== Segment start ==

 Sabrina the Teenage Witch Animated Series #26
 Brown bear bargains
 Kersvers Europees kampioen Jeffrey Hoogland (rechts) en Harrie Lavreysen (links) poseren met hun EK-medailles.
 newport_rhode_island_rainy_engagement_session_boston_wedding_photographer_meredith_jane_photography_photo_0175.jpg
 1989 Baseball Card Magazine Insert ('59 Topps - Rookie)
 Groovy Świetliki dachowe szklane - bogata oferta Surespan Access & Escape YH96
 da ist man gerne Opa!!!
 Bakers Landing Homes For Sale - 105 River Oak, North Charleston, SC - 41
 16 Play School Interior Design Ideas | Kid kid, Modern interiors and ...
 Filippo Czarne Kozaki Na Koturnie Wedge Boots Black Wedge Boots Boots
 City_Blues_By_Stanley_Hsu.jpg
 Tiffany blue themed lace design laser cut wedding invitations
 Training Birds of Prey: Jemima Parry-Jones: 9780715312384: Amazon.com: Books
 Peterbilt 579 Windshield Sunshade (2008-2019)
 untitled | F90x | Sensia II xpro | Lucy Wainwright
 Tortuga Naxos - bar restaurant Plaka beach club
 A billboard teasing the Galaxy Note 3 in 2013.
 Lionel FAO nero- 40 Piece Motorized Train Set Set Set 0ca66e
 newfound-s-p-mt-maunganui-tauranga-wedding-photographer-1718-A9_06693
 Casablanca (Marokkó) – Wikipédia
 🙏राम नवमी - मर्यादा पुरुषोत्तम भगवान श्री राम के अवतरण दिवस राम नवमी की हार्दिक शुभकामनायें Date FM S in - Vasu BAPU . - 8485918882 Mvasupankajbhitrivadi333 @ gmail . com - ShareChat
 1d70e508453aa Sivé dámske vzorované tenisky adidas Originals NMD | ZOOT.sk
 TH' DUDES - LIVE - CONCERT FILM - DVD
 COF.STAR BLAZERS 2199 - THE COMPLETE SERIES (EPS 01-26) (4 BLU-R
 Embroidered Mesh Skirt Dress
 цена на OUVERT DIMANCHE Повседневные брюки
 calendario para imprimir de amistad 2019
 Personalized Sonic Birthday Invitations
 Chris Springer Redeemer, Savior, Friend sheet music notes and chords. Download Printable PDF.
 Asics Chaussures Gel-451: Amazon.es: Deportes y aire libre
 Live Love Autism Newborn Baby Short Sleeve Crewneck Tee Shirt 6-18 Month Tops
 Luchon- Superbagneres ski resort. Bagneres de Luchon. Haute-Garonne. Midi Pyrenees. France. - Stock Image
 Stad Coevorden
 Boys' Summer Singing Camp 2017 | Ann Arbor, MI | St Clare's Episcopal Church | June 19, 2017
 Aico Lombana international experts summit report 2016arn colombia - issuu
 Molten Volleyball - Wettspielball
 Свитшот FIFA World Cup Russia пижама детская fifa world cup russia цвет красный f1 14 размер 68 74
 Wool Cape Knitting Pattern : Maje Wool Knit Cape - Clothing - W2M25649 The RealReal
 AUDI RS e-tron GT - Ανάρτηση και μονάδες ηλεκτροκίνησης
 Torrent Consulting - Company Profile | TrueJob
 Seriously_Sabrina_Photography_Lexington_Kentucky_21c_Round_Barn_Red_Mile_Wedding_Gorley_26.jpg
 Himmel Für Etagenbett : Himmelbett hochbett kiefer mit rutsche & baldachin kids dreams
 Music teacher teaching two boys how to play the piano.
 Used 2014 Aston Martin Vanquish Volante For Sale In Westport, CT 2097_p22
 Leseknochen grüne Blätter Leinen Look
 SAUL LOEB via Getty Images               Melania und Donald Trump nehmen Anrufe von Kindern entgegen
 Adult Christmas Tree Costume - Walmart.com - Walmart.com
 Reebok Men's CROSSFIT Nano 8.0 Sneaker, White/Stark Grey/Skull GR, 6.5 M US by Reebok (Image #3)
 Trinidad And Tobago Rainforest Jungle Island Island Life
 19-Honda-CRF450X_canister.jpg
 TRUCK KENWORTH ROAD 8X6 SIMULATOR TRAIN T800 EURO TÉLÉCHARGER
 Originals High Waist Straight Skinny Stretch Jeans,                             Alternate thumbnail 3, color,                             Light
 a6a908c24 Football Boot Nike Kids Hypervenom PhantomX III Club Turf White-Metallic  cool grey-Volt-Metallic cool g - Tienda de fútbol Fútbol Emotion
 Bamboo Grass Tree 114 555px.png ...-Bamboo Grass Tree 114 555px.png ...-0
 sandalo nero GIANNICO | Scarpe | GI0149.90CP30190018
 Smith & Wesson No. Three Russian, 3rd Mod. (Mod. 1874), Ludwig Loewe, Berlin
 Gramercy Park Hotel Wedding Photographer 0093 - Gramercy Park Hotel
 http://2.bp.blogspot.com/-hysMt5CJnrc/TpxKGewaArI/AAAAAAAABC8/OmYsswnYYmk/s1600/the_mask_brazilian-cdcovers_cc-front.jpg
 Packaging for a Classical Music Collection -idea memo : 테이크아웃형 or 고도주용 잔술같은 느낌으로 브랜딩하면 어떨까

== Segment end ==

Restate each of the records exactly, leaving nothing out.

(Answer to this exercise)
 Sabrina the Teenage Witch Animated Series #26
 Brown bear bargains
 Kersvers Europees kampioen Jeffrey Hoogland (rechts) en Harrie Lavreysen (links) poseren met hun EK-medailles.
 newport_rhode_island_rainy_engagement_session_boston_wedding_photographer_meredith_jane_photography_photo_0175.jpg
 1989 Baseball Card Magazine Insert ('59 Topps - Rookie)
 Groovy Świetliki dachowe szklane - bogata oferta Surespan Access & Escape YH96
 da ist man gerne Opa!!!
 Bakers Landing Homes For Sale - 105 River Oak, North Charleston, SC - 41
 16 Play School Interior Design Ideas | Kid kid, Modern interiors and ...
 Filippo Czarne Kozaki Na Koturnie Wedge Boots Black Wedge Boots Boots
 City_Blues_By_Stanley_Hsu.jpg
 Tiffany blue themed lace design laser cut wedding invitations
 Training Birds of Prey: Jemima Parry-Jones: 9780715312384: Amazon.com: Books
 Peterbilt 579 Windshield Sunshade (2008-2019)
 untitled | F90x | Sensia II xpro | Lucy Wainwright
 Tortuga Naxos - bar restaurant Plaka beach club
 A billboard teasing the Galaxy Note 3 in 2013.
 Lionel FAO nero- 40 Piece Motorized Train Set Set Set 0ca66e
 newfound-s-p-mt-maunganui-tauranga-wedding-photographer-1718-A9_06693
 Casablanca (Marokkó) – Wikipédia
 🙏राम नवमी - मर्यादा पुरुषोत्तम भगवान श्री राम के अवतरण दिवस राम नवमी की हार्दिक शुभकामनायें Date FM S in - Vasu BAPU . - 8485918882 Mvasupankajbhitrivadi333 @ gmail . com - ShareChat
 1d70e508453aa Sivé dámske vzorované tenisky adidas Originals NMD | ZOOT.sk
 TH' DUDES - LIVE - CONCERT FILM - DVD
 COF.STAR BLAZERS 2199 - THE COMPLETE SERIES (EPS 01-26) (4 BLU-R
 Embroidered Mesh Skirt Dress
 цена на OUVERT DIMANCHE Повседневные брюки
 calendario para imprimir de amistad 2019
 Personalized Sonic Birthday Invitations
 Chris Springer Redeemer, Savior, Friend sheet music notes and chords. Download Printable PDF.
 Asics Chaussures Gel-451: Amazon.es: Deportes y aire libre
 Live Love Autism Newborn Baby Short Sleeve Crewneck Tee Shirt 6-18 Month Tops
 Luchon- Superbagneres ski resort. Bagneres de Luchon. Haute-Garonne. Midi Pyrenees. France. - Stock Image
 Stad Coevorden
 Boys' Summer Singing Camp 2017 | Ann Arbor, MI | St Clare's Episcopal Church | June 19, 2017
 Aico Lombana international experts summit report 2016arn colombia - issuu
 Molten Volleyball - Wettspielball
 Свитшот FIFA World Cup Russia пижама детская fifa world cup russia цвет красный f1 14 размер 68 74
 Wool Cape Knitting Pattern : Maje Wool Knit Cape - Clothing - W2M25649 The RealReal
 AUDI RS e-tron GT - Ανάρτηση και μονάδες ηλεκτροκίνησης
 Torrent Consulting - Company Profile | TrueJob
 Seriously_Sabrina_Photography_Lexington_Kentucky_21c_Round_Barn_Red_Mile_Wedding_Gorley_26.jpg
 Himmel Für Etagenbett : Himmelbett hochbett kiefer mit rutsche & baldachin kids dreams
 Music teacher teaching two boys how to play the piano.
 Used 2014 Aston Martin Vanquish Volante For Sale In Westport, CT 2097_p22
 Leseknochen grüne Blätter Leinen Look
 SAUL LOEB via Getty Images               Melania und Donald Trump nehmen Anrufe von Kindern entgegen
 Adult Christmas Tree Costume - Walmart.com - Walmart.com
 Reebok Men's CROSSFIT Nano 8.0 Sneaker, White/Stark Grey/Skull GR, 6.5 M US by Reebok (Image #3)
 Trinidad And Tobago Rainforest Jungle Island Island Life
 19-Honda-CRF450X_canister.jpg
 TRUCK KENWORTH ROAD 8X6 SIMULATOR TRAIN T800 EURO TÉLÉCHARGER
 Originals High Waist Straight Skinny Stretch Jeans,                             Alternate thumbnail 3, color,                             Light
 a6a908c24 Football Boot Nike Kids Hypervenom PhantomX III Club Turf White-Metallic  cool grey-Volt-Metallic cool g - Tienda de fútbol Fútbol Emotion
 Bamboo Grass Tree 114 555px.png ...-Bamboo Grass Tree 114 555px.png ...-0
 sandalo nero GIANNICO | Scarpe | GI0149.90CP30190018
 Smith & Wesson No. Three Russian, 3rd Mod. (Mod. 1874), Ludwig Loewe, Berlin
 Gramercy Park Hotel Wedding Photographer 0093 - Gramercy Park Hotel
 http://2.bp.blogspot.com/-hysMt5CJnrc/TpxKGewaArI/AAAAAAAABC8/OmYsswnYYmk/s1600/the_mask_brazilian-cdcovers_cc-front.jpg
 Packaging for a Classical Music Collection -idea memo : 테이크아웃형 or 고도주용 잔술같은 느낌으로 브랜딩하면 어떨까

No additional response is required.